Wherever the listing holds a picture, leave it out, and copy the remainder exactly.

> [Provided material]
>>>>
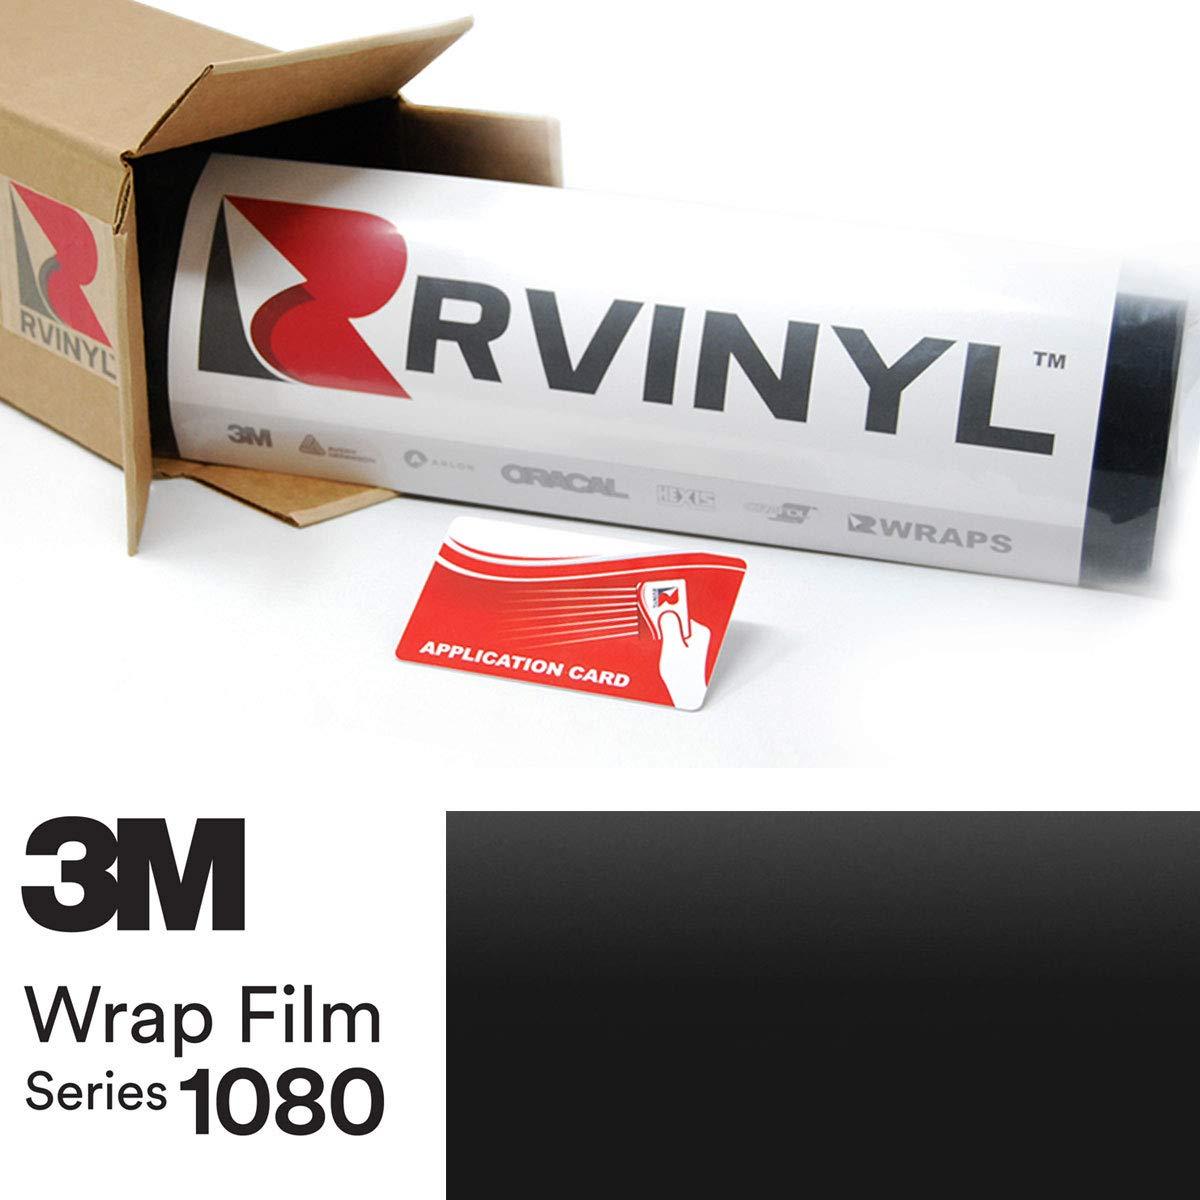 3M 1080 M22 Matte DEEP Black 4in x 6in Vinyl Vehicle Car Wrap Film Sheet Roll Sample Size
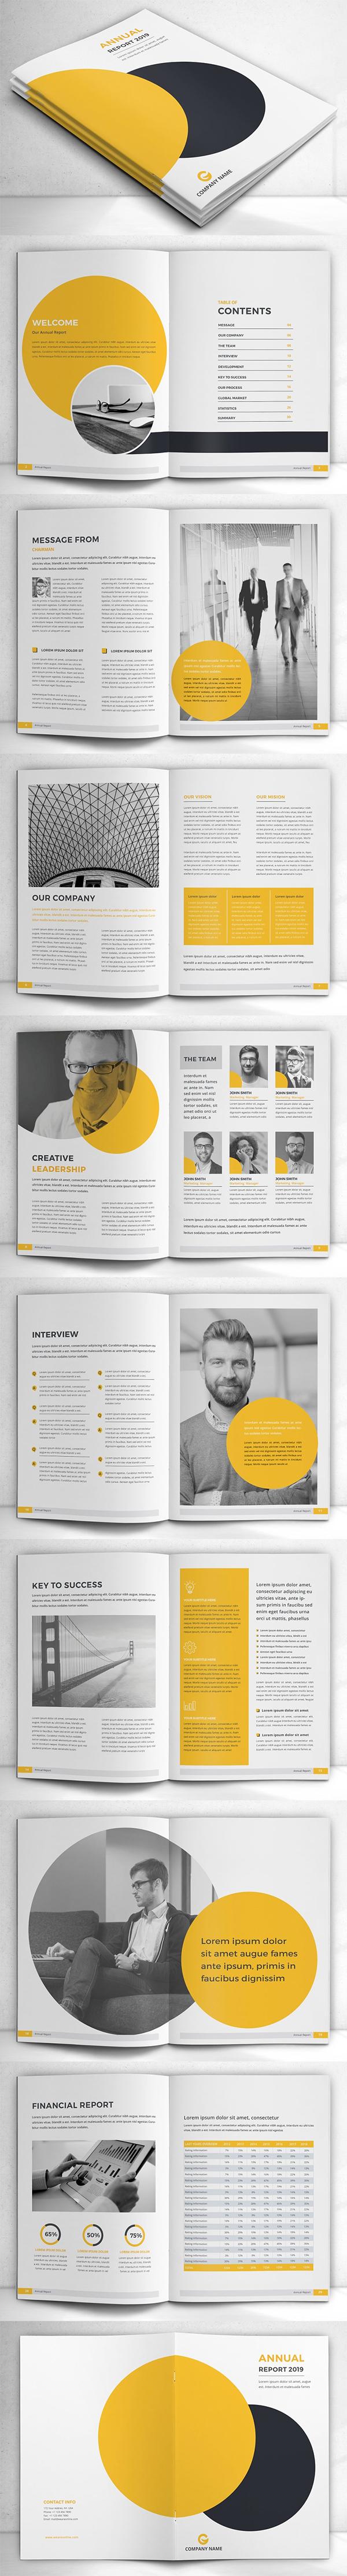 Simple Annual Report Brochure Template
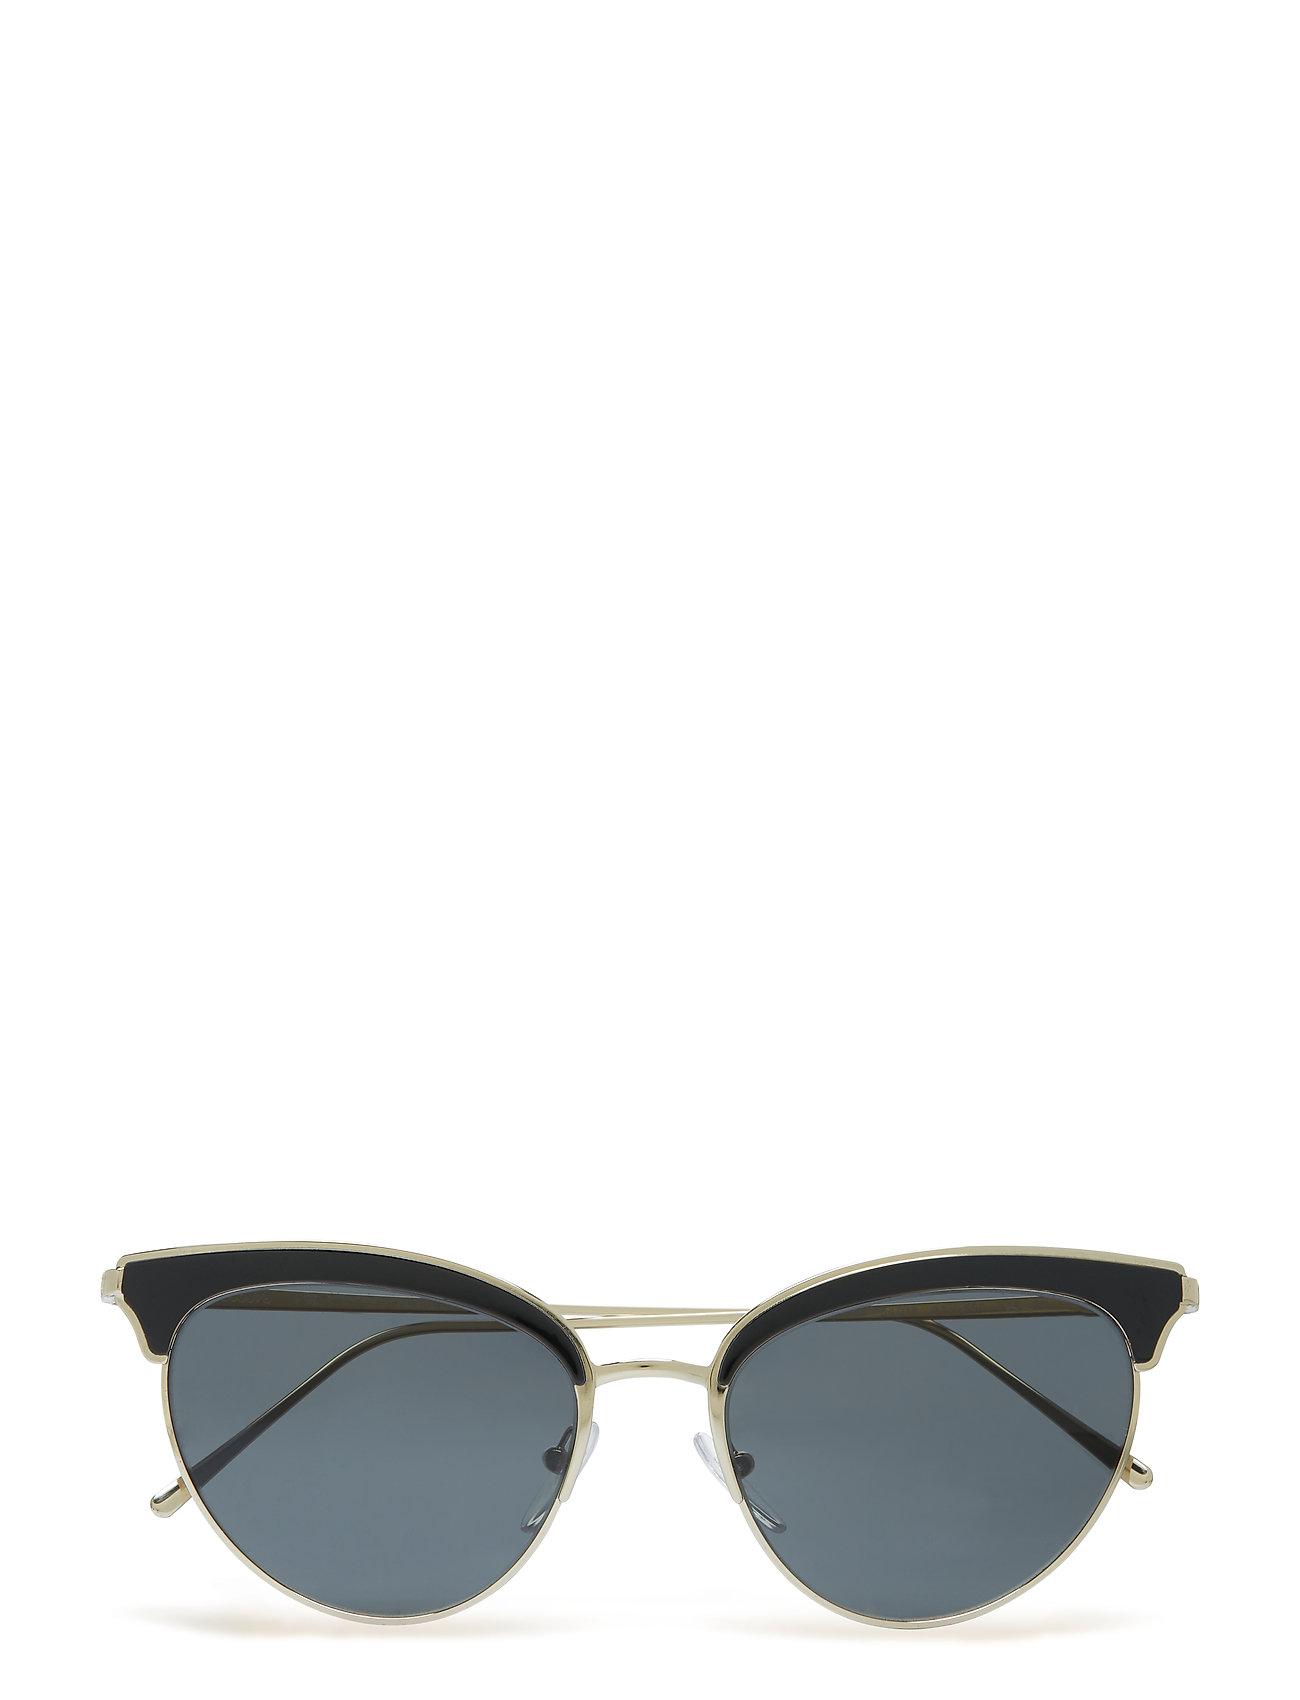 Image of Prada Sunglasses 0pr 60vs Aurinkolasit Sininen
<<<<
> [Response below]
 3M 1080 M22 Matte DEEP Black 4in x 6in Vinyl Vehicle Car Wrap Film Sheet Roll Sample Size
 Simple Annual Report Brochure Template
 Image of Prada Sunglasses 0pr 60vs Aurinkolasit Sininen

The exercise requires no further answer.